◆ YOUR TASK:
Would you repeat the listing exactly, without any of its images?

◆ DATA BLOCK:
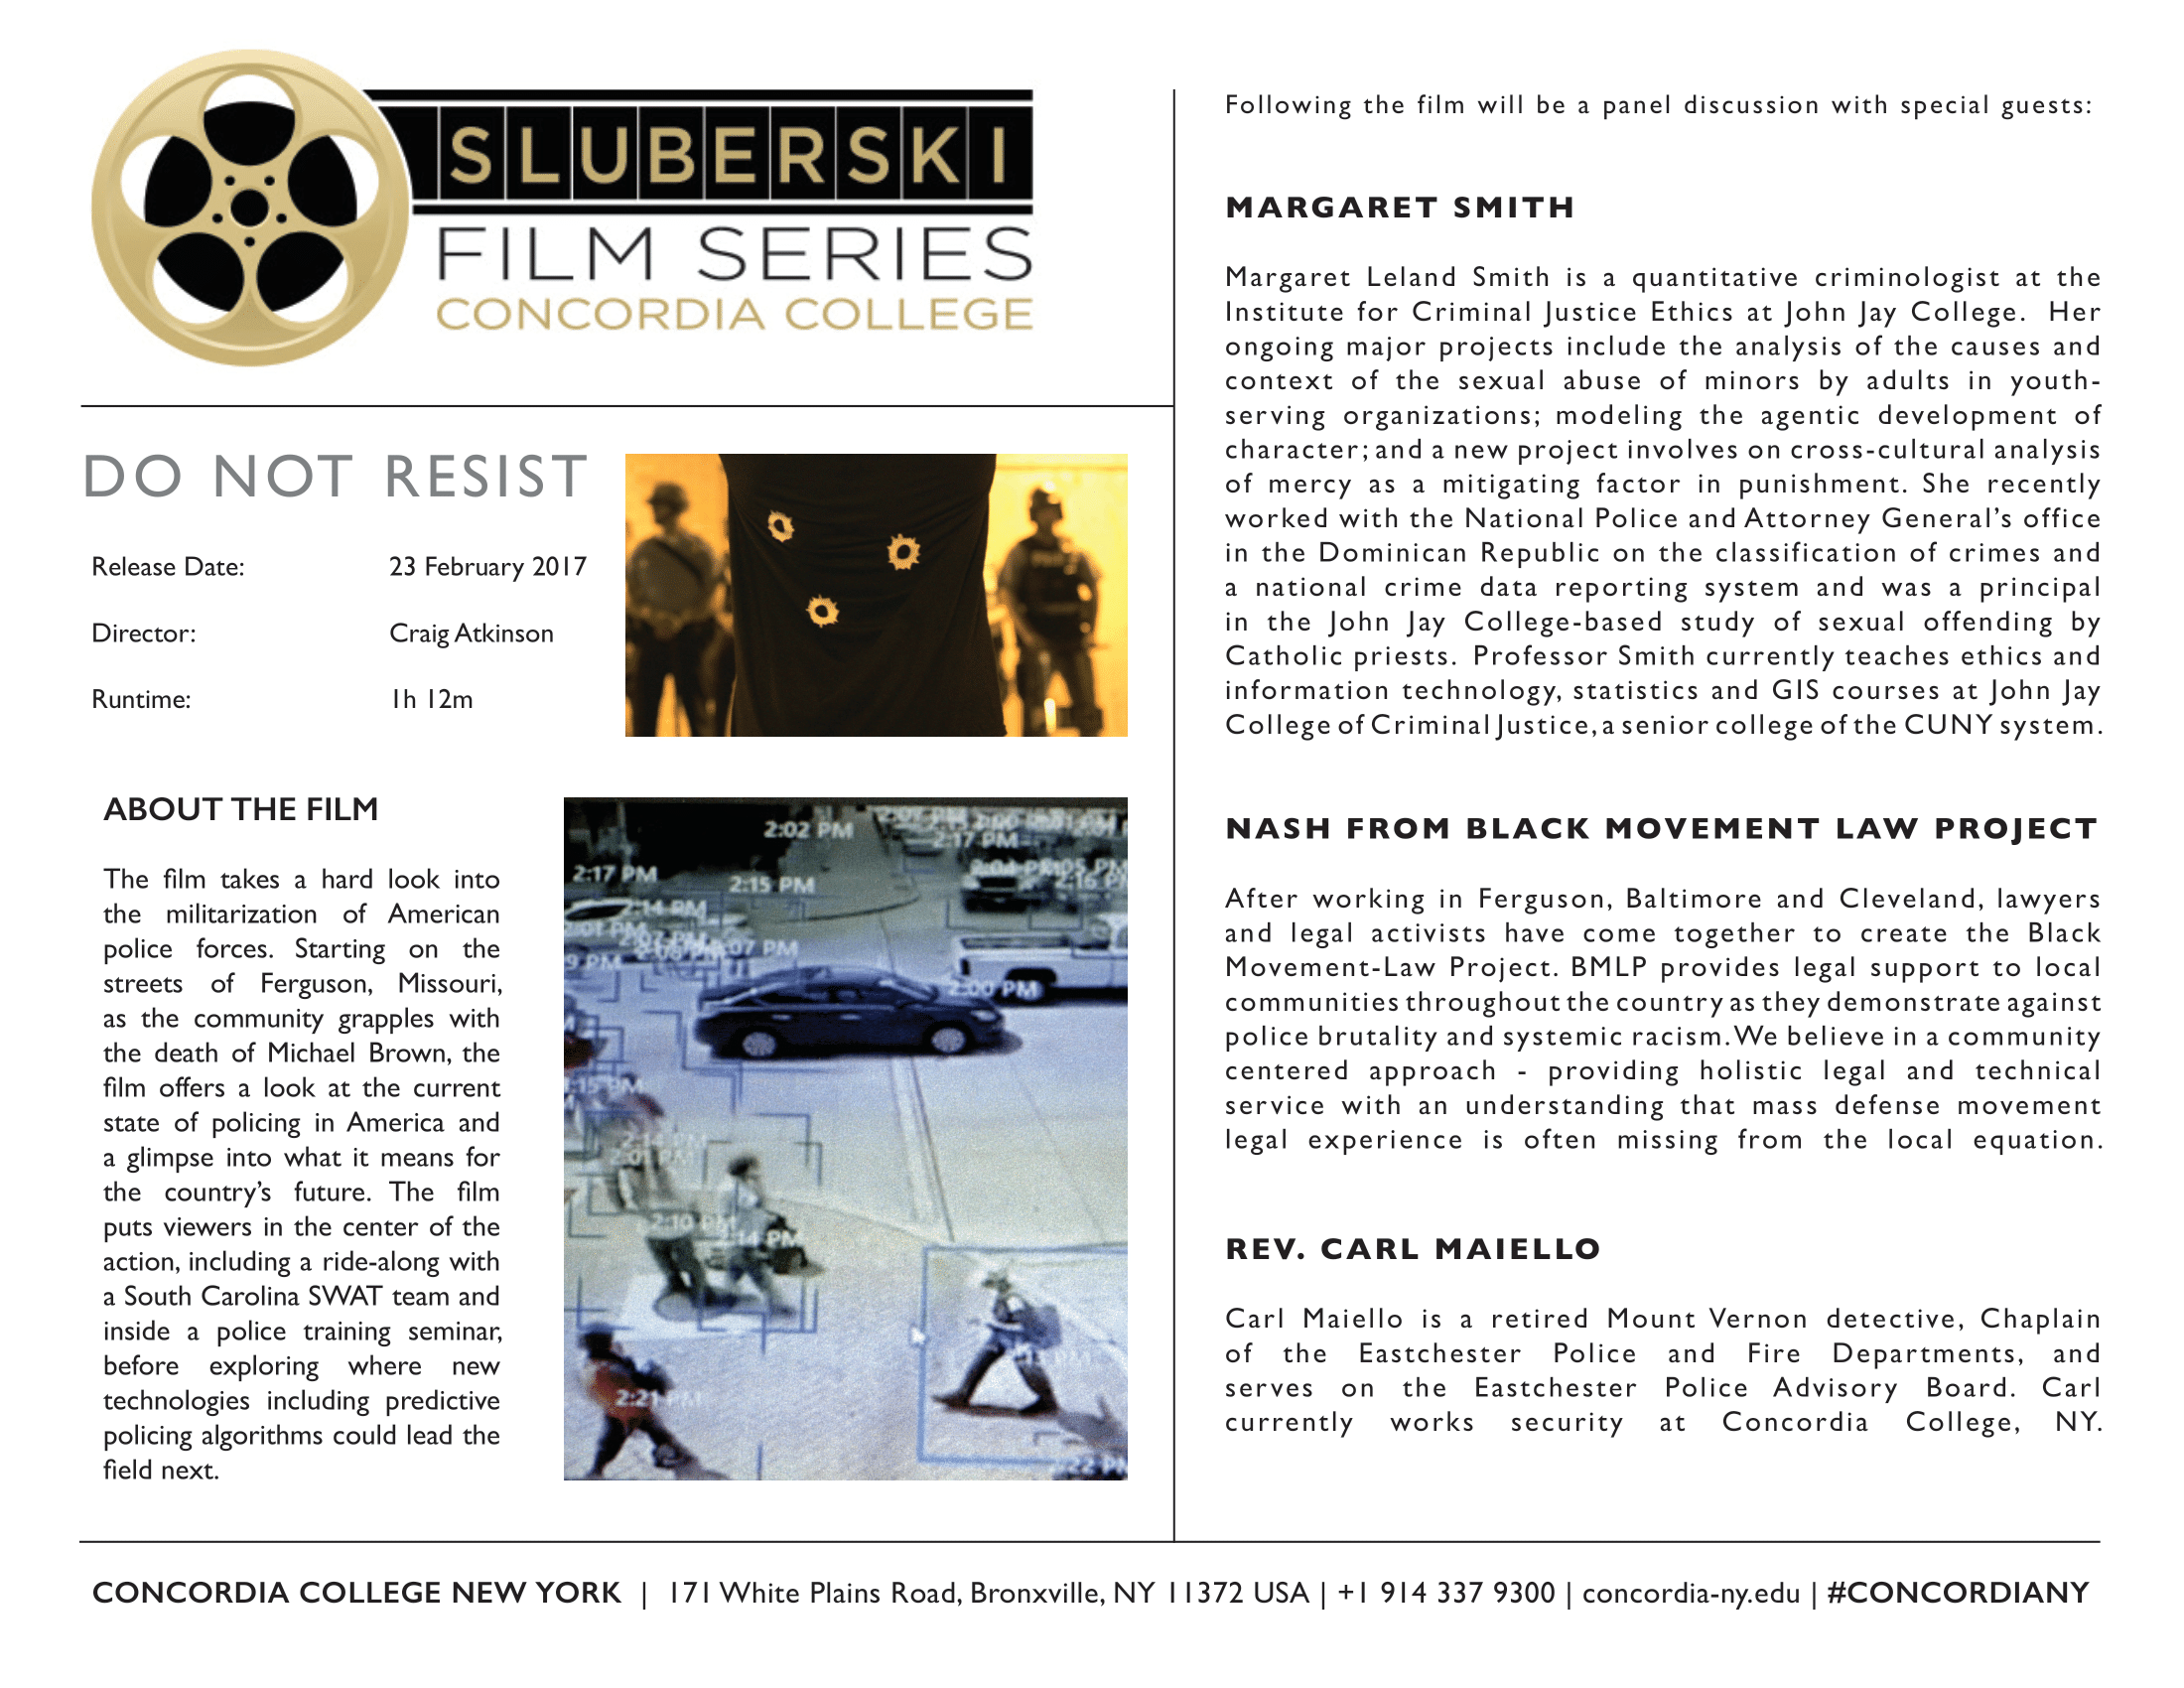 sluberski film series information sheet for do not resist
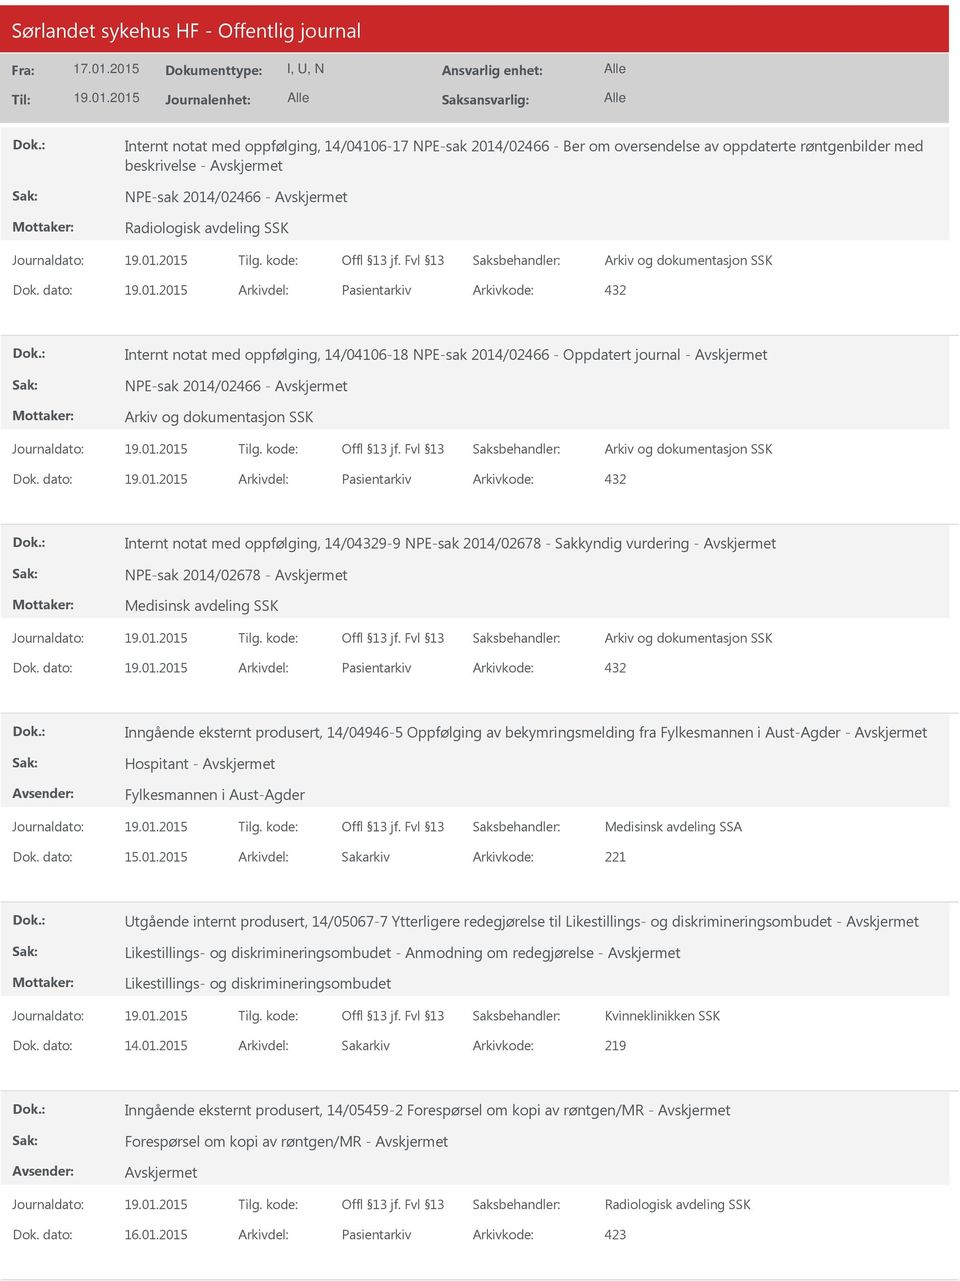 vurdering - NPE-sak 2014/02678 - Medisinsk avdeling SSK Pasientarkiv 432 Inngående eksternt produsert, 14/04946-5 Oppfølging av bekymringsmelding fra Fylkesmannen i Aust-Agder - Hospitant -
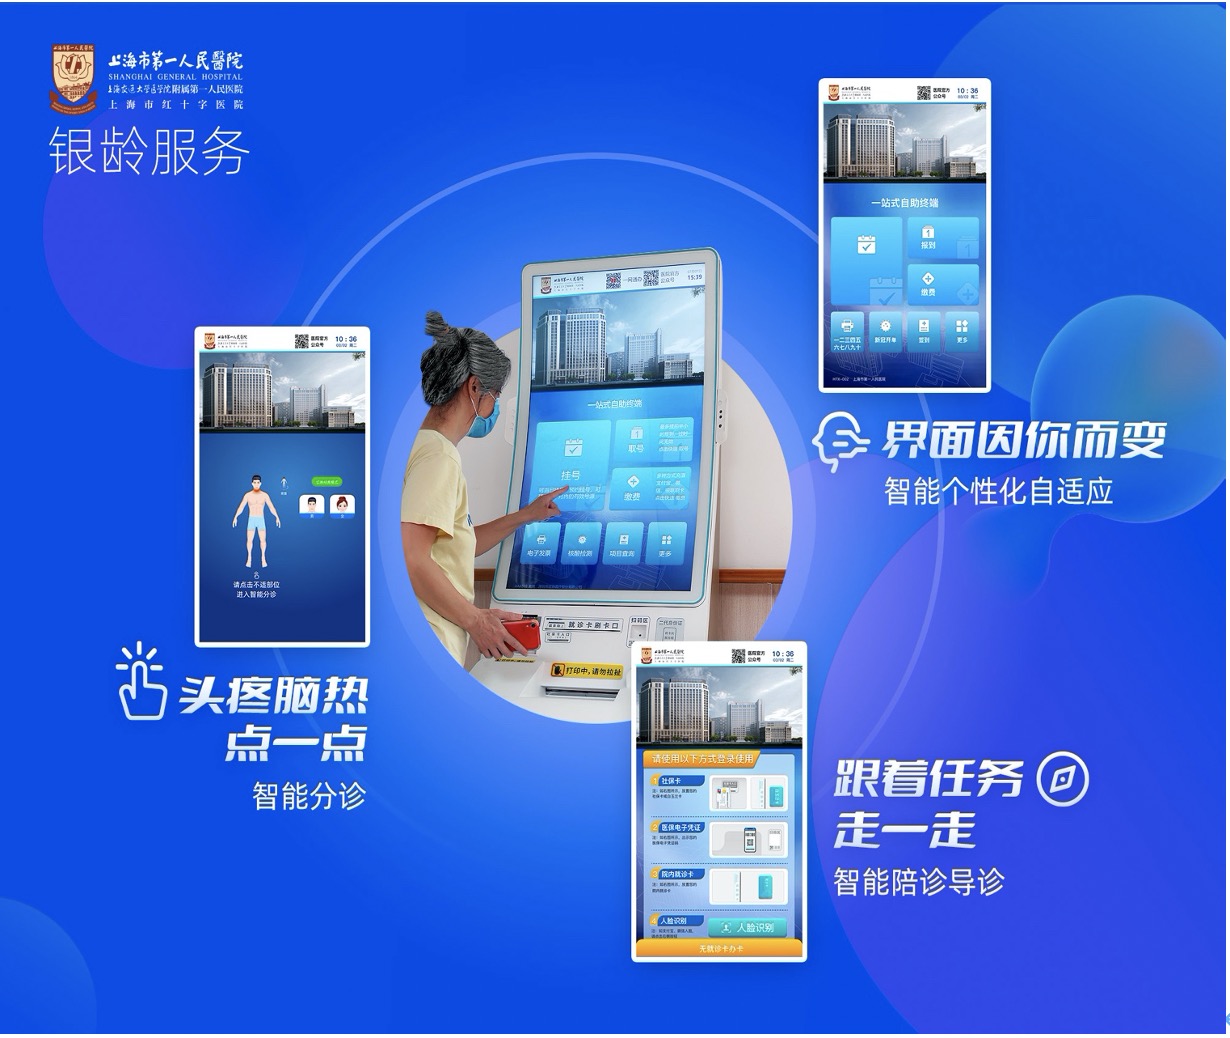 上海市第一人民医院对“自助服务综合平台”进行“适老化”改造升级。本文图均为上海市第一人民医院 供图
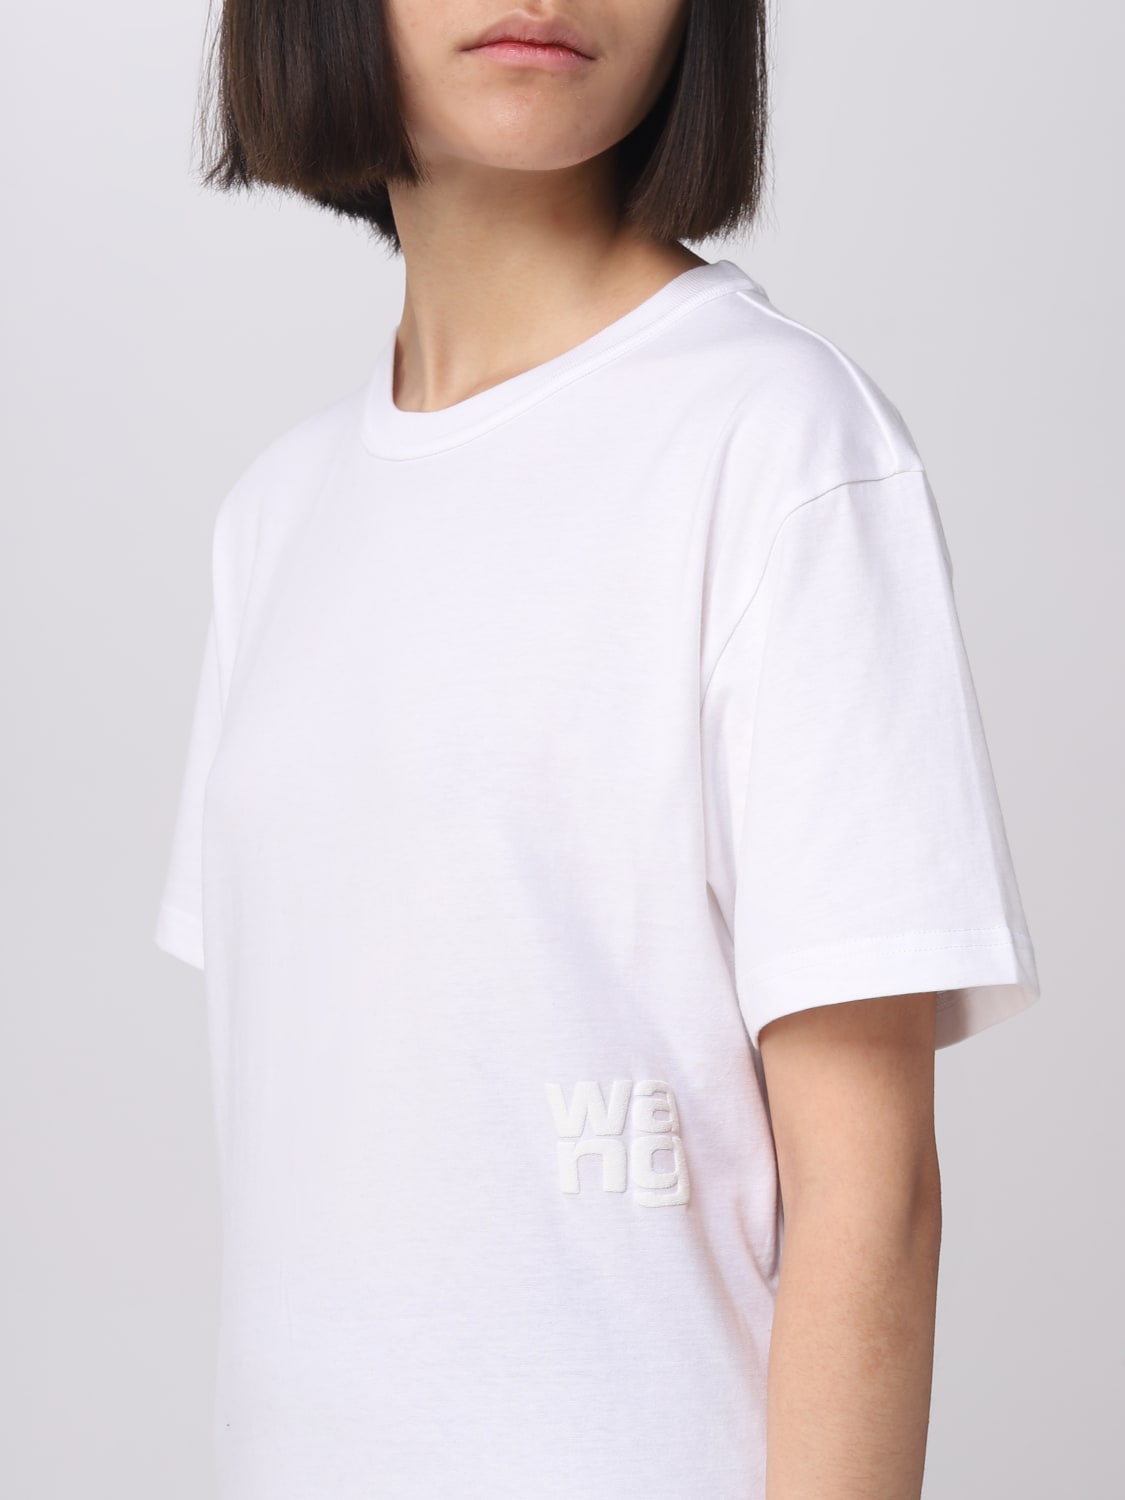 Alexander Wang Outlet: T-shirt woman - White | Alexander Wang t-shirt  4CC3221357 online at

◆ RESPONSE:
 sluberski film series information sheet for do not resist
 vurdering - NPE-sak 2014/02678 - Medisinsk avdeling SSK Pasientarkiv 432 Inngående eksternt produsert, 14/04946-5 Oppfølging av bekymringsmelding fra Fylkesmannen i Aust-Agder - Hospitant -
 上海市第一人民医院对“自助服务综合平台”进行“适老化”改造升级。本文图均为上海市第一人民医院 供图
 Alexander Wang Outlet: T-shirt woman - White | Alexander Wang t-shirt  4CC3221357 online at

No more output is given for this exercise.